Today, few will dispute the fact that the Pill revolutionized contraception. But it’s also raised serious questions about the use of synthetic hormones. Public concern, in fact, has prompted the Association of Reproductive Health Professionals and Planned Parenthood to launch the public health program, “You Decide: Making Informed Health Choices about Hormonal Contraception.”
According to the ARHP, compliance issues and the dangers associated with synthetic hormones have prompted the introduction of a new chapter in the history of birth control: the promotion of its non-contraceptive benefits. Perhaps most encouraging is its proven protection against ovarian cancer.
A recent compilation of data from several long-term studies of British women shows that those using the Pill for a decade or more reduced their ovarian cancer risk by a third. Beneficial effects were consistent in all subjects, regardless of age or factors like alcohol and tobacco use, and lasted up to 30 years after they went off birth control.

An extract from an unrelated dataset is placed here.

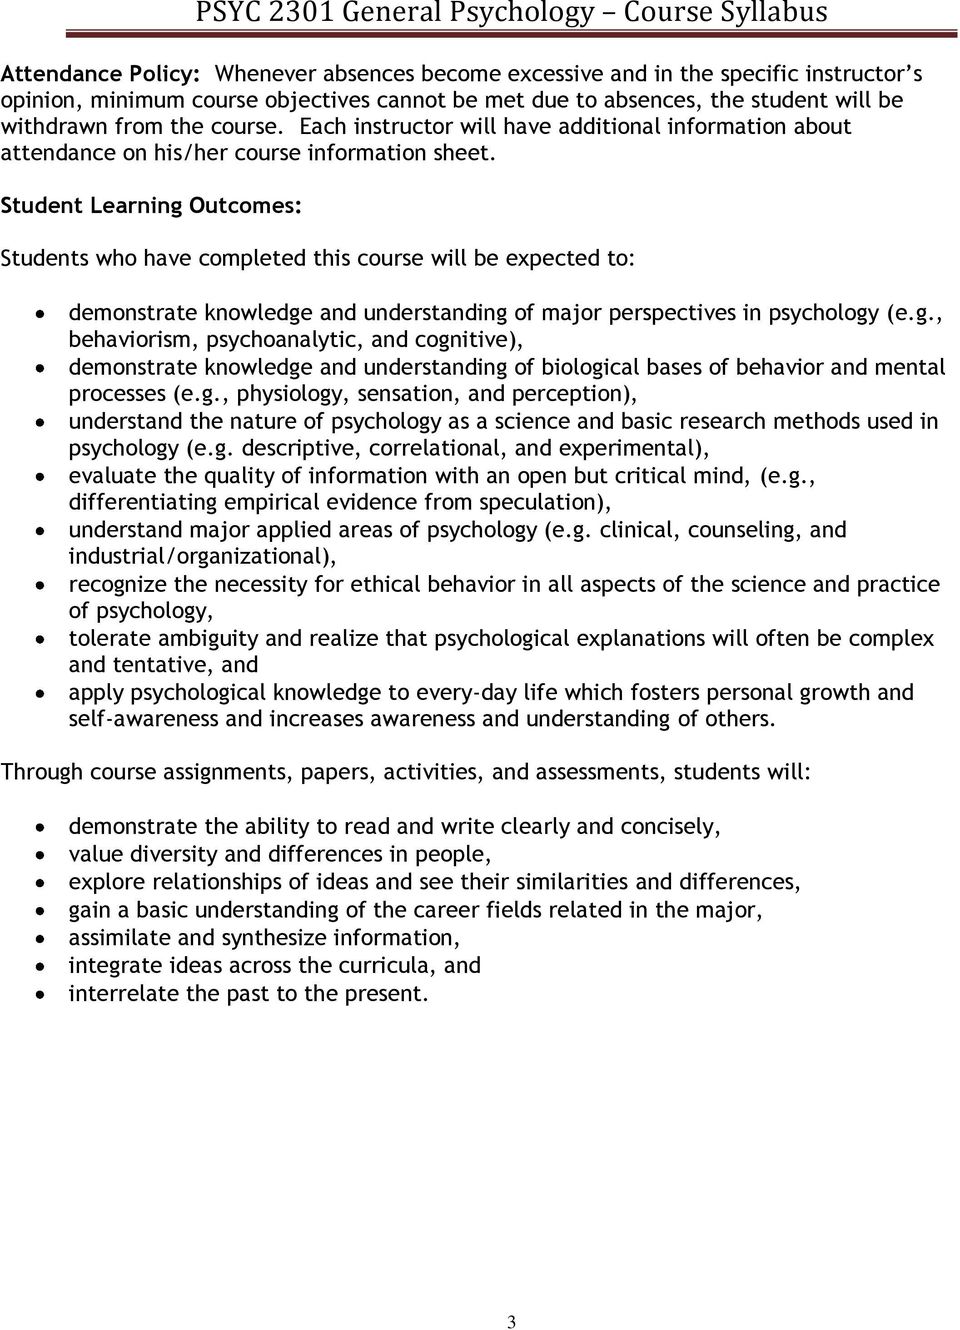 Student Learning Outcomes: Students who have completed this course will be expected to: demonstrate knowledge and understanding of major perspectives in psychology (e.g., behaviorism, psychoanalytic, and cognitive), demonstrate knowledge and understanding of biological bases of behavior and mental processes (e.

A 2008 study suggests that, after the Pill’s nationwide acceptance in the 1960s, about 200,000 ovarian cancers and 100,000 deaths from the disease have been prevented. Scientists aren’t sure why this is so, but it may have to do with the way the body is tricked into thinking it’s pregnant. In other words, spending years on the Pill may not be all that different from the continuous pregnancies women endured in earlier centuries.
“You’re interrupting your cycles and the way hormones cause the lining of the uterus to thicken,” said Dr. David Holtz, a Paoli-based gynecologic oncologist with Main Line Health.
Research on the Pill’s role in guarding against ovarian cancer is focused on progesterone, the hormone produced by the ovaries. “One theory is that there’s something about progesterone that prevents abnormal blood cells from dividing and growing,” says Holtz. “It may also alter the blood flow to the ovaries.”
Scientists at the University of Rochester in New York first identified progesterone in 1928, nearly 30 years after the initial discovery of hormones. At the time, it was then being studied for its role in preparing the womb for—and sustaining—pregnancy.
Today, the combined oral contraceptive pill is the most commonly prescribed. Like Enovid, it combines synthetic estrogen and progesterone (progestin). Most COCPs now have lower doses of synthetic hormones—especially estrogen, which has been linked to cancer. But its formulation is still designed to mimic the way real estrogens and progesterone work in the female body.